◆ The task ◆
Restate every record word for word, without the pictures.

(Data records Opens)

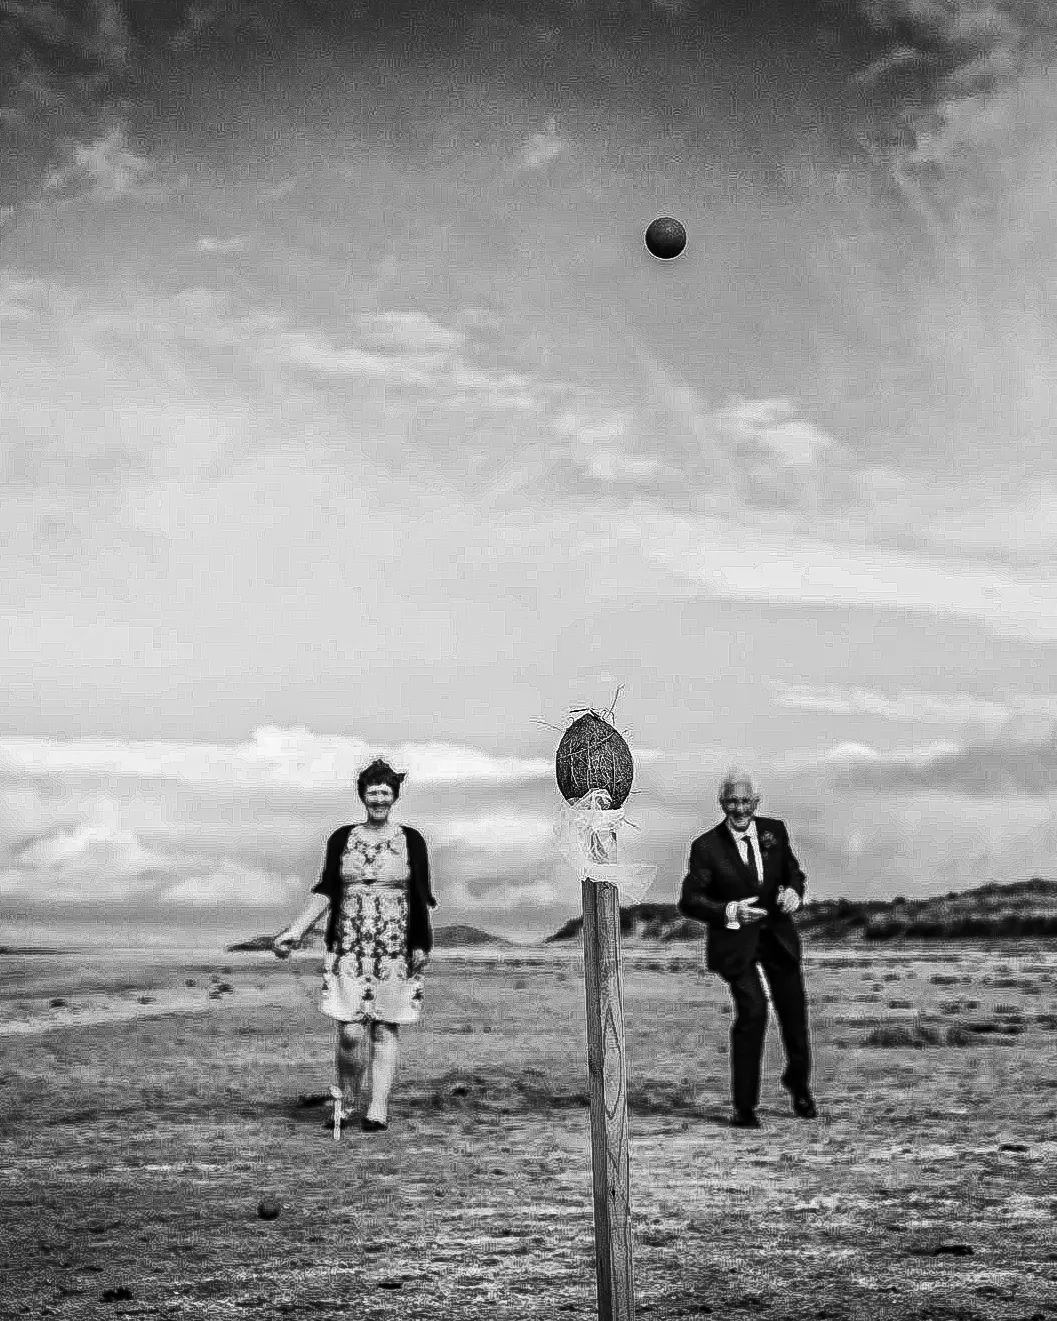 It's been a weekend for beach games hasn't it just.

#beachwedding #weddinggames
#2025wedding #2024wedding
#blackandwhiteweddingphotography
#candidweddingphotography
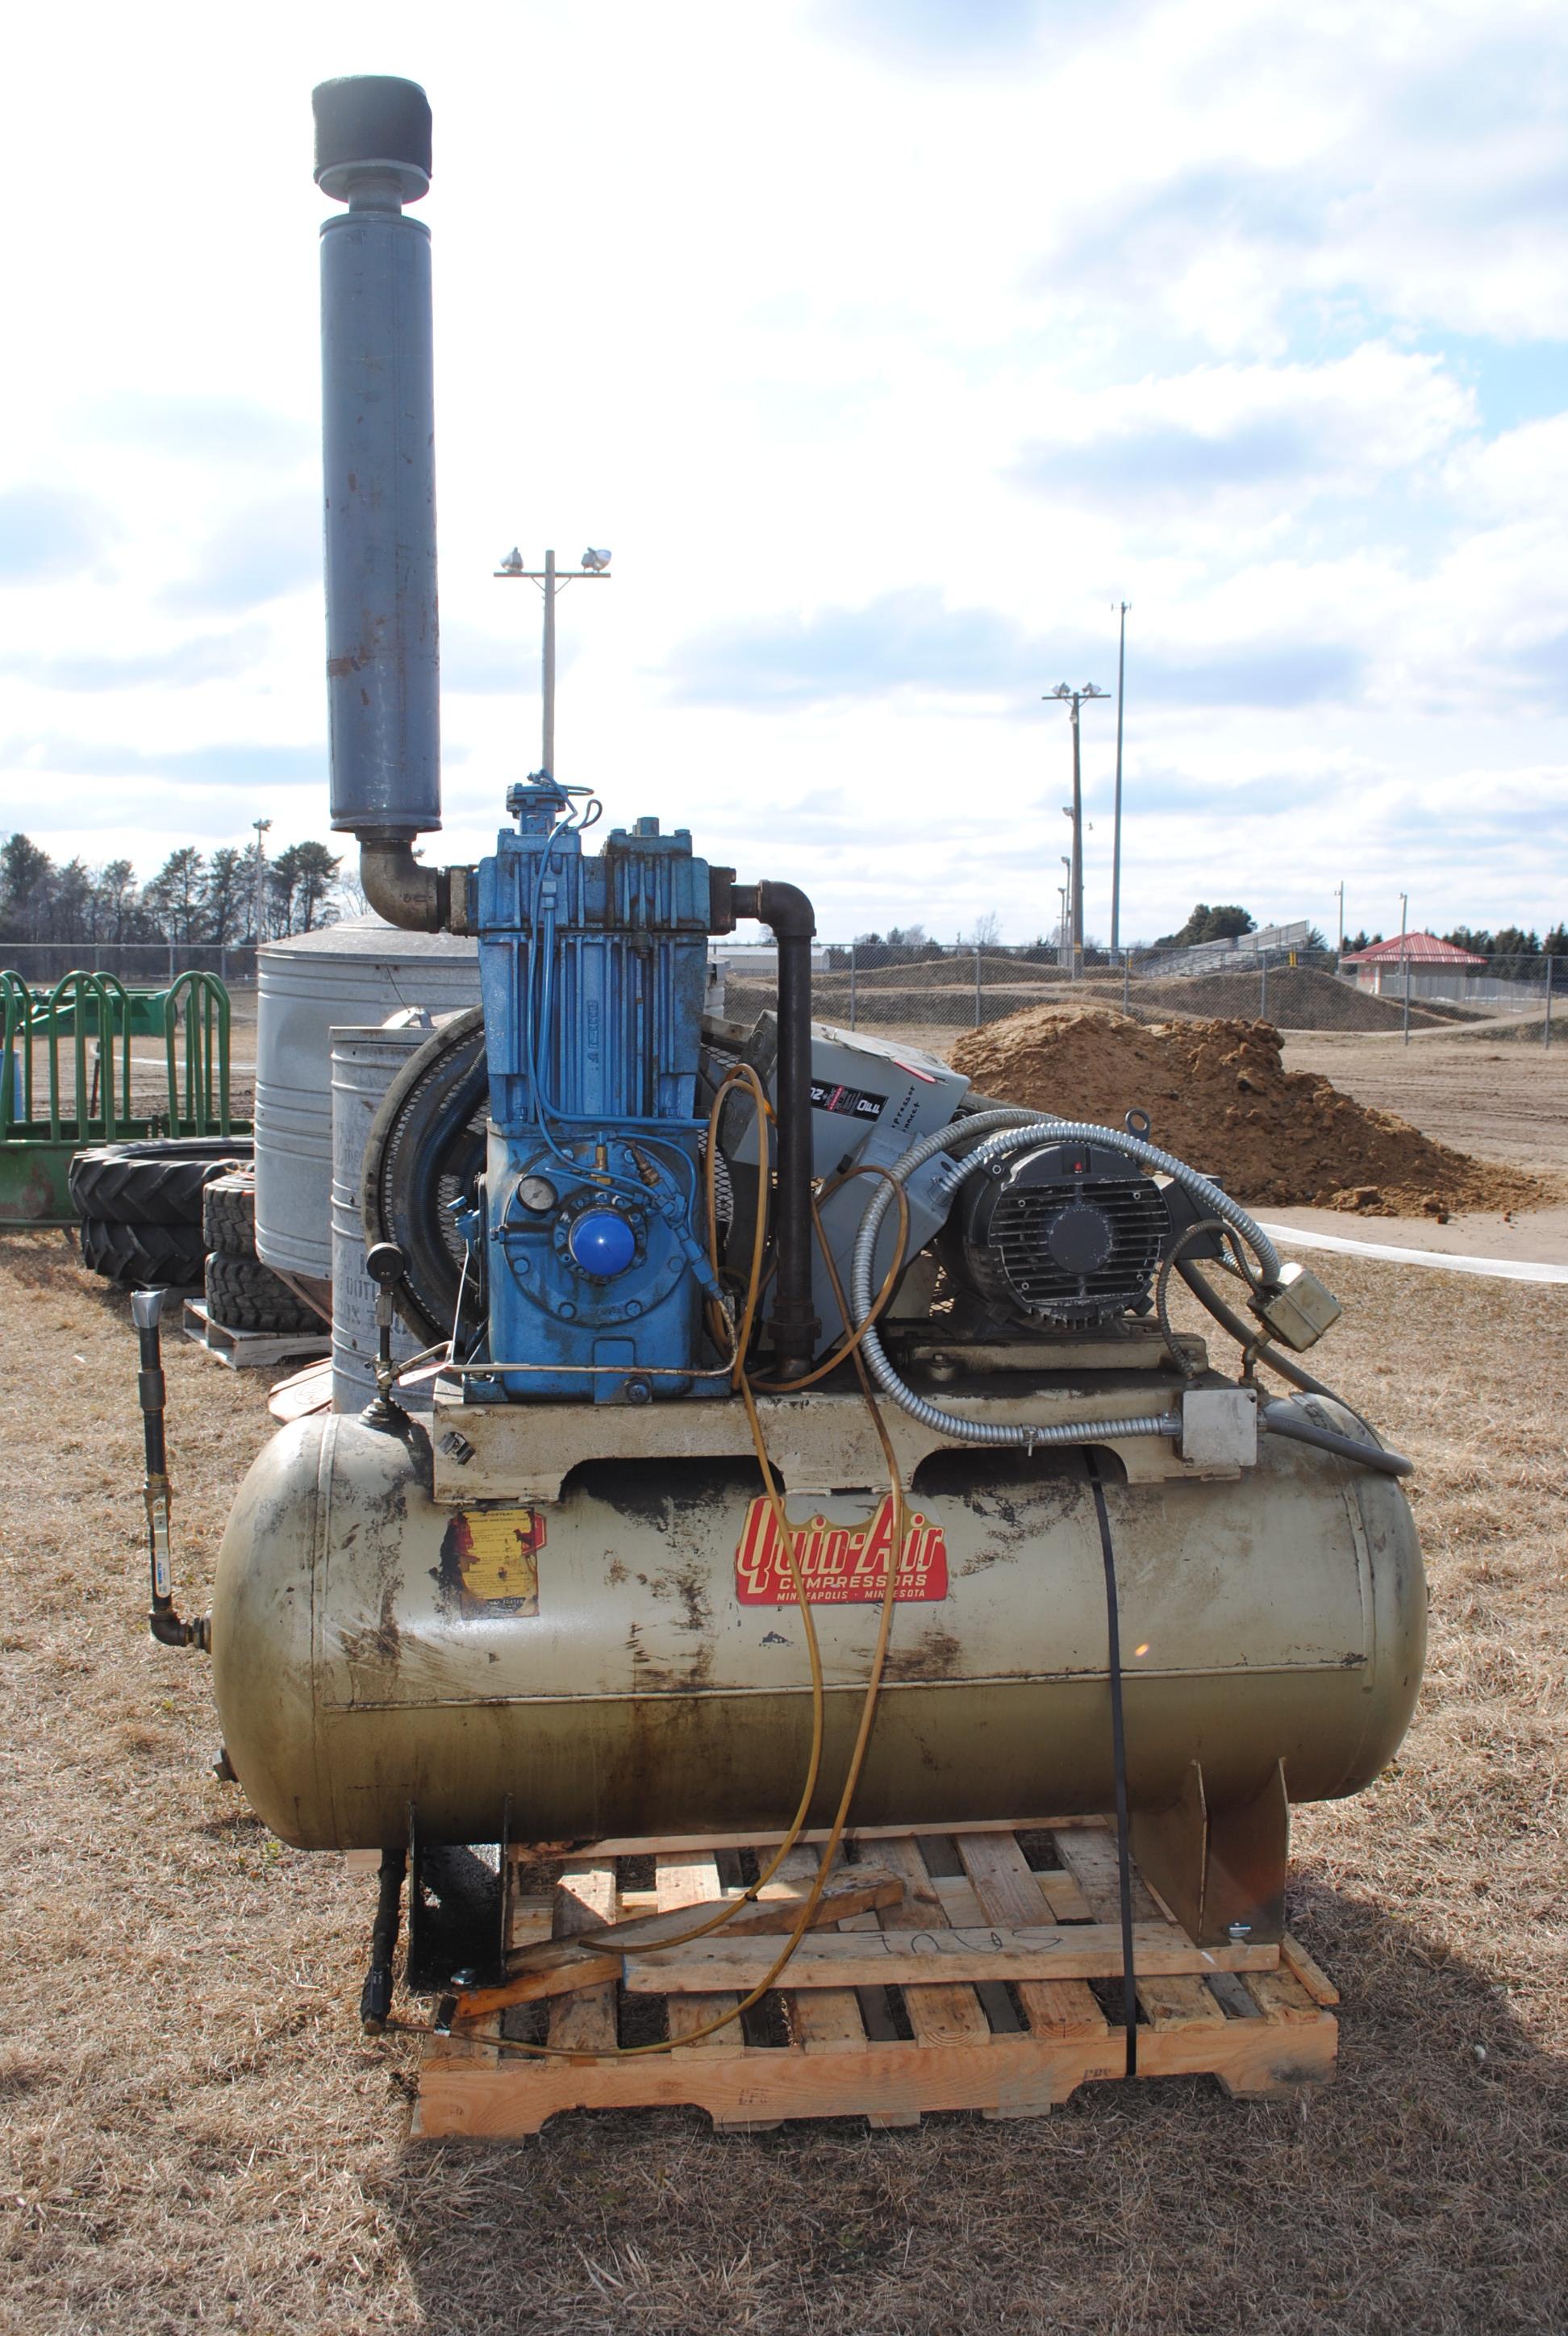 Quin Air Compressors 3-phase, 15 HP Quincy Model 390 compressor, works, replaced by newer machine
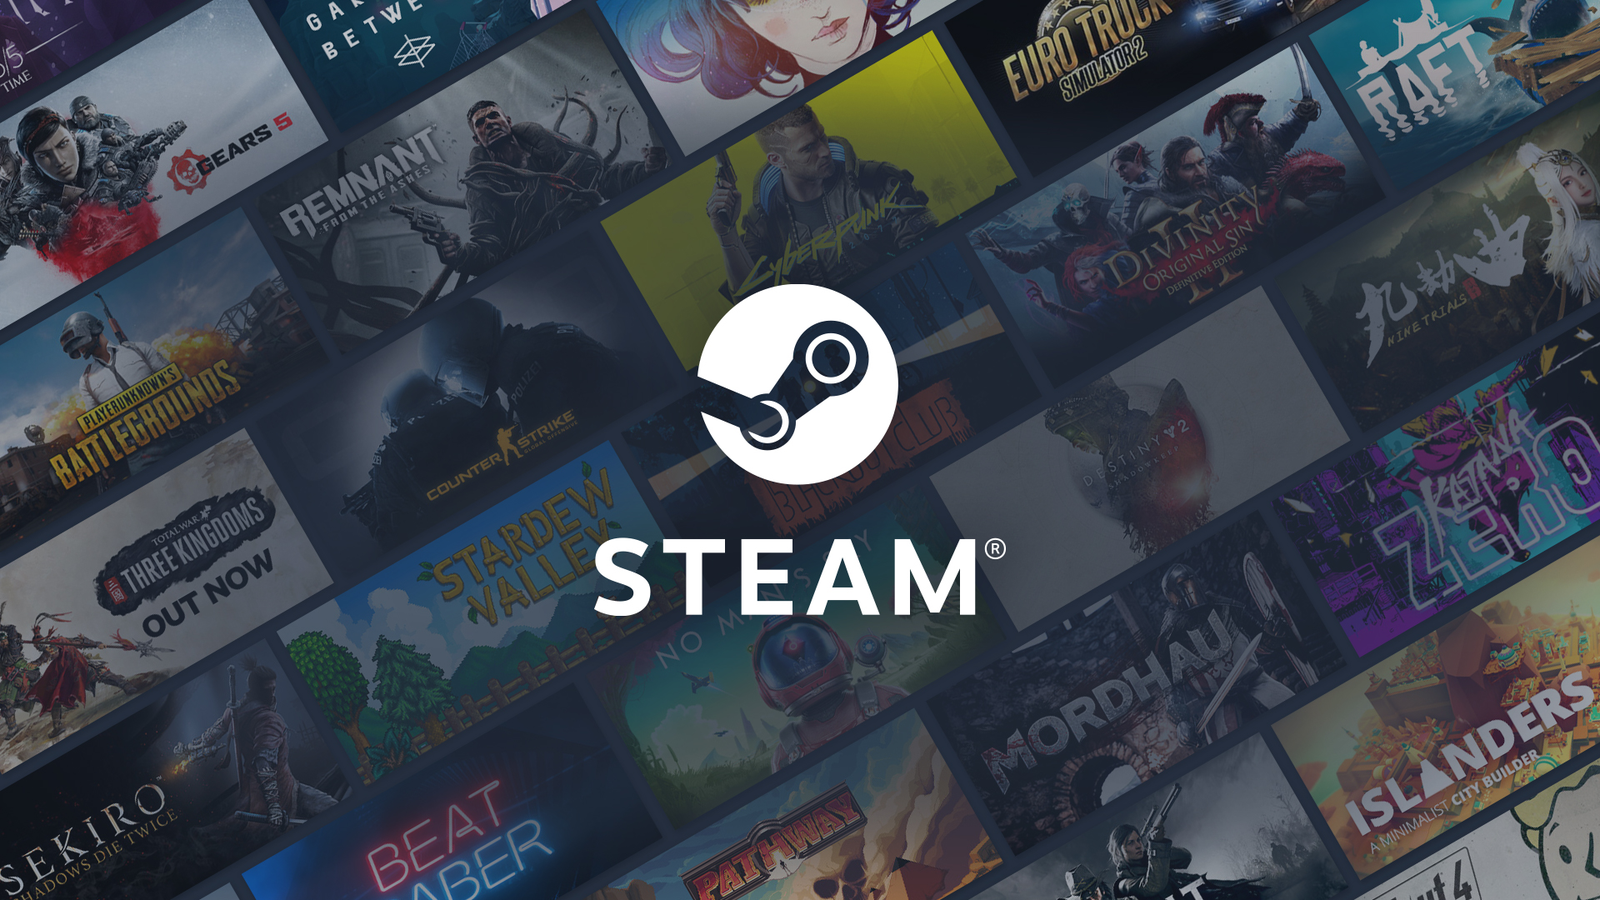 Valve spruces up the Steam store with better social features, networking,  and reach
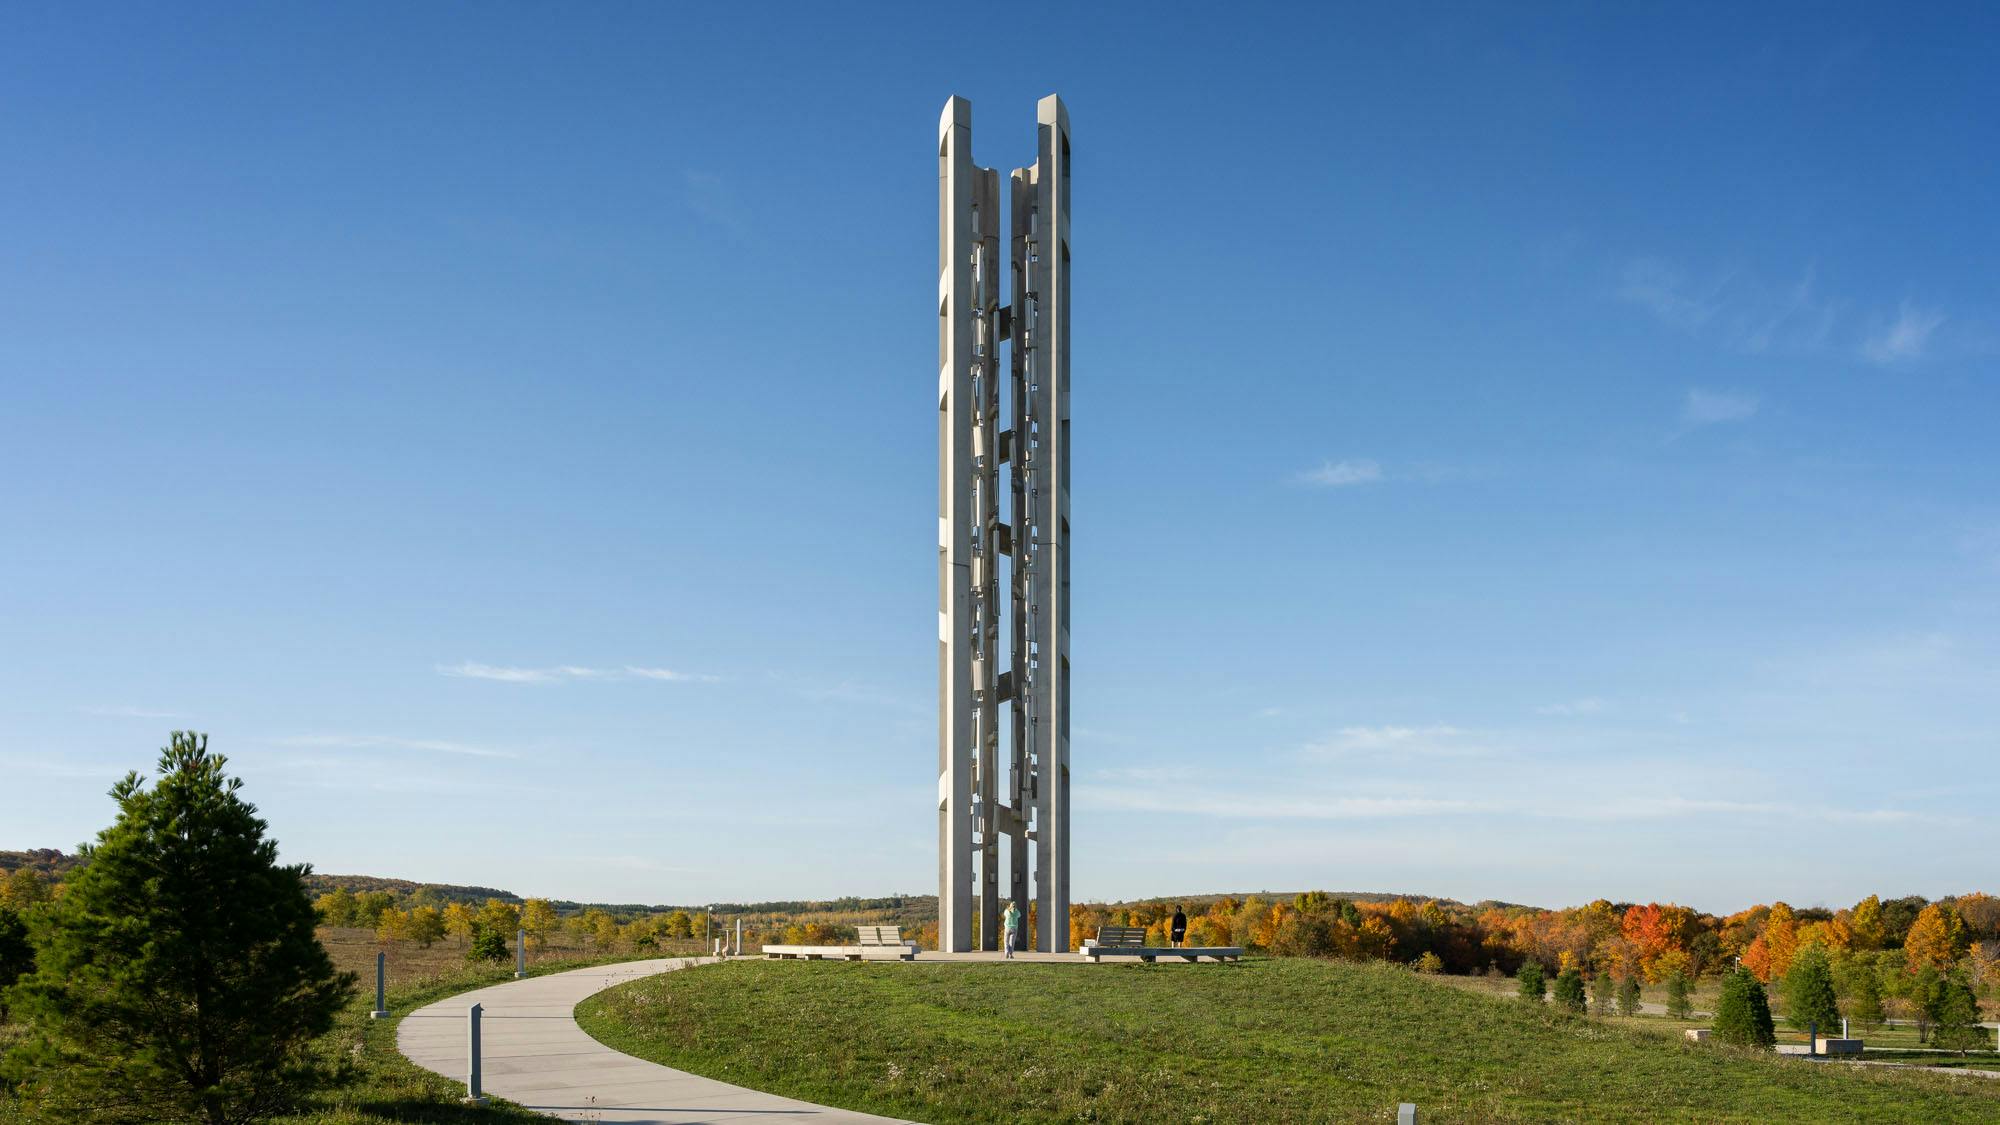 The 93-foot tower stands as a beacon at the gateway to the park.

(Data records Closes)

◆ The answer ◆
 It's been a weekend for beach games hasn't it just.

#beachwedding #weddinggames
#2025wedding #2024wedding
#blackandwhiteweddingphotography
#candidweddingphotography
 Quin Air Compressors 3-phase, 15 HP Quincy Model 390 compressor, works, replaced by newer machine
 Valve spruces up the Steam store with better social features, networking,  and reach
 The 93-foot tower stands as a beacon at the gateway to the park.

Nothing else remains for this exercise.